Yusuf Dadoo

(September 5, 1909 - September 19, 1983)

Dr. Yusuf Mohamed Dadoo was born on 5 September 1909 in Krugersdorp on the West Rand. His father, Mahomed Dadoo, had been born in 1881 in the small village of Kholvad along the south banks of the Tapi River, a few miles outside the ancient south Gujarat city of Surat, in India.

Mohamed senior arrived in South Africa in 1896, during the South African War. He was only 15 years old when he settled with his family in Klerksdorp, after which he moved to Krugersdorp where he started a business in 1904.

The policy of segregation instituted by the white government of the day meant that the six-year-old Yusuf had to travel daily by train to the Johannesburg suburb of Fordsburg to receive his primary education with other Indian children. Fordsburg was a mixed working class suburb with an English, Afrikaans, Jewish, Lebanese, Indian, Chinese, Coloured and African community housed in overcrowded shanties and tenements. He also attended the Bree Street School, the only school available specifically for Asian education.

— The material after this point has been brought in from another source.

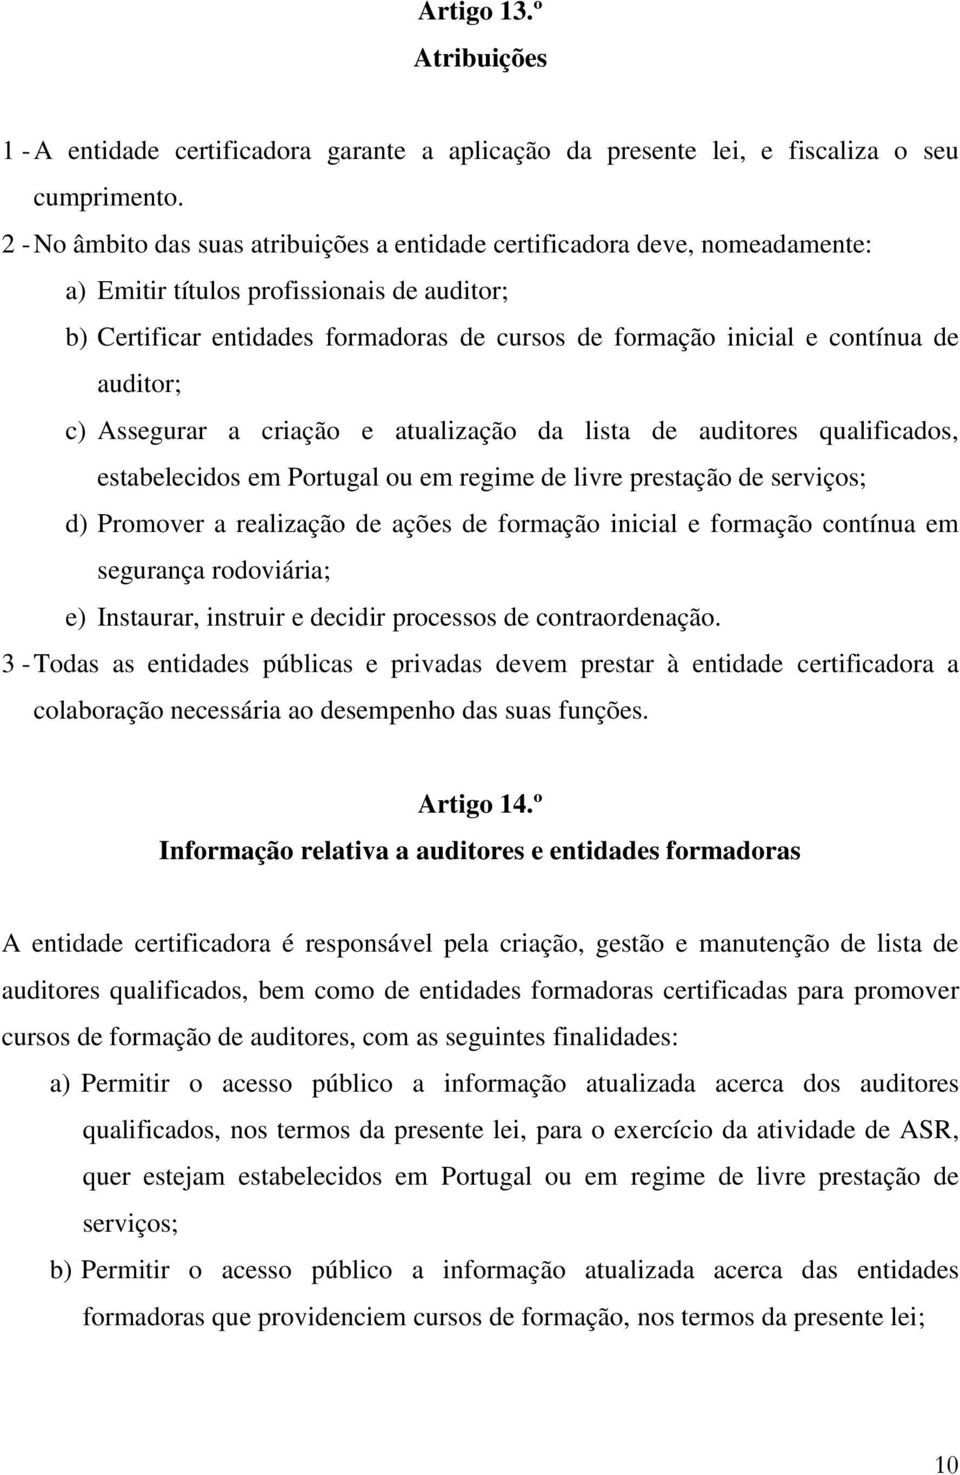 de auditor; c) Assegurar a criação e atualização da lista de auditores qualificados, estabelecidos em Portugal ou em regime de livre prestação de serviços; d) Promover a realização de ações de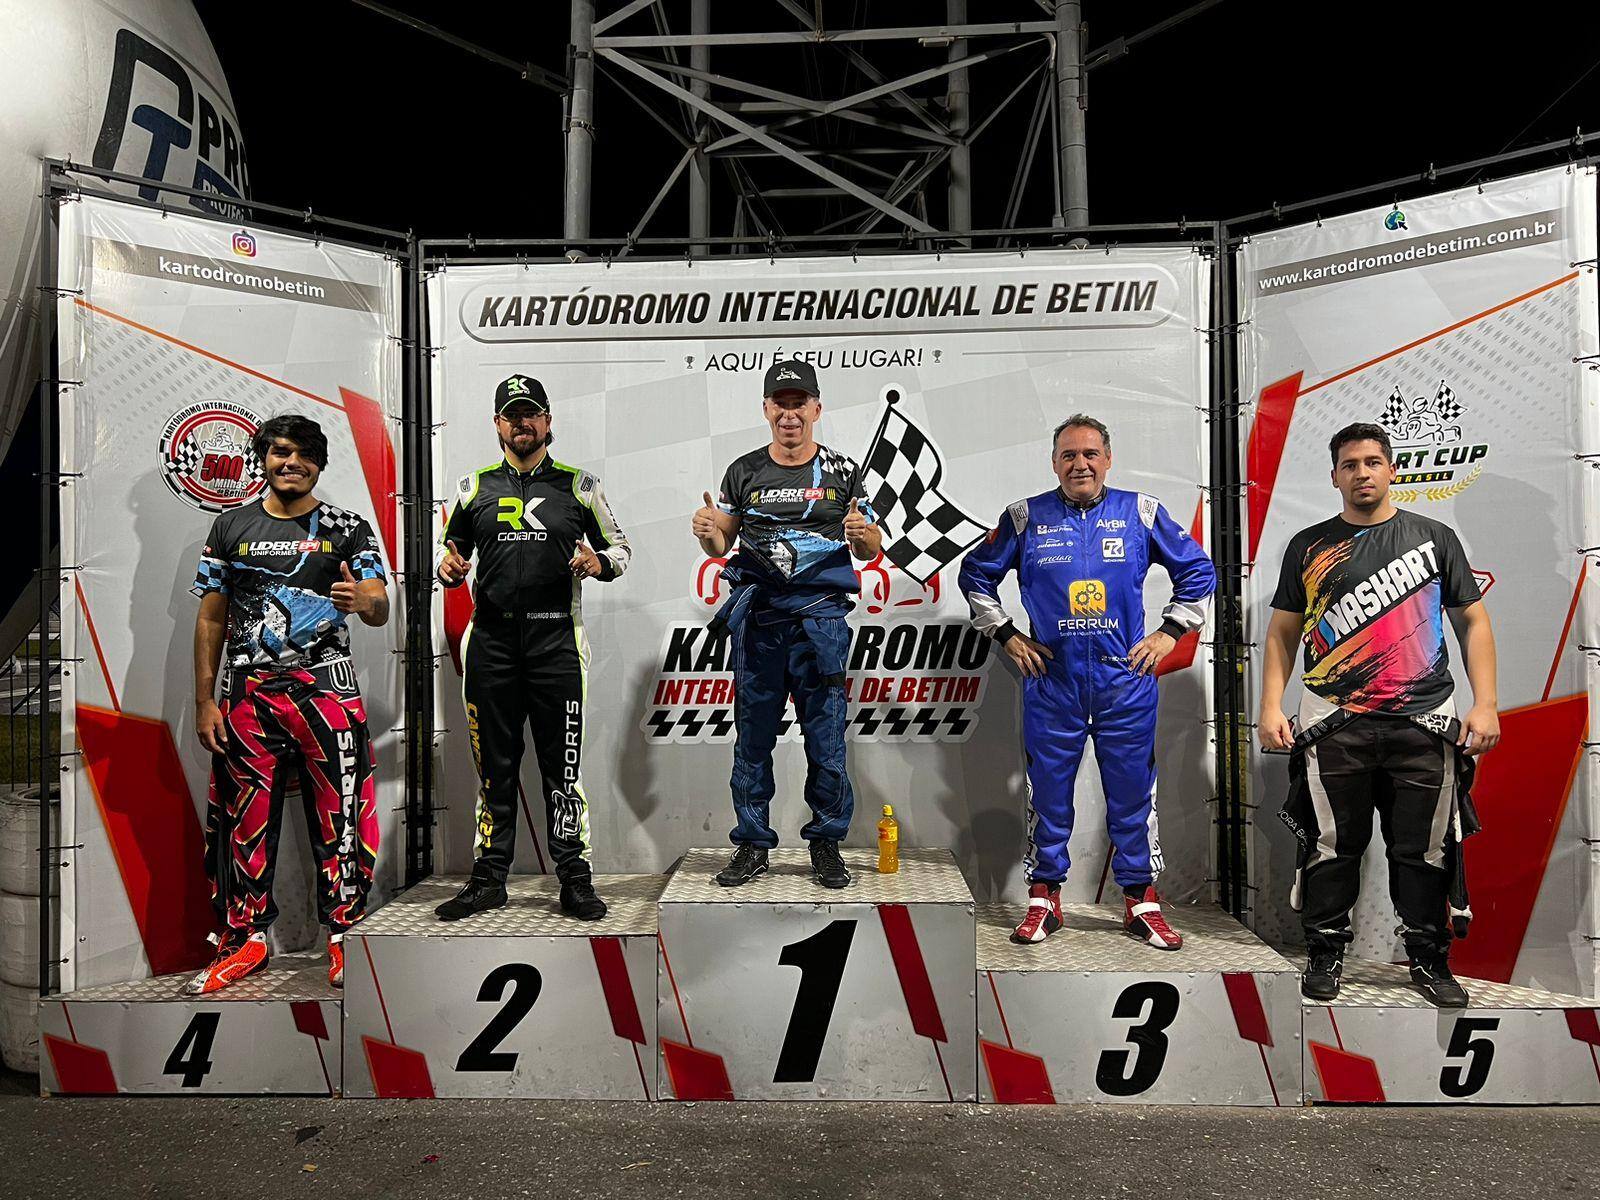 Rodrigo Rotheia (centro) subiu no pódio na categoria Super Kart, seguido de Rodrigo Dourado e Rogério Ferrum, segundo e terceiro colocados

Dadoo and others, like J.S. Joshi, were inspired by the growing nationalist movement in India, and in particular the growing resistance to the British in Gujarat State, where Gandhi had emerged as the new leader and was growing in both status and in his contribution to the renaissance in Gujarat politics. Many parents of the children attending the Bree Street School had played a leading role in the passive resistance campaign led by M.K. Gandhi, and had been to prison. Dadoo and his classmates would also have lived through the momentous events of the miners’ revolt in 1922.


Dadoo left Johannesburg and matriculated at Aligarh Muslim College in India. It was during his school days that he started attending meetings held by former stalwarts of M. K. Gandhi. He and other contemporaries, like Molvi Cachalia used to help in raising support for the All Indian National Congress, and made it possible to be transformed into an instrument of the struggle against British colonialism. It was in Aligarh that his hatred towards British imperialism became intensified.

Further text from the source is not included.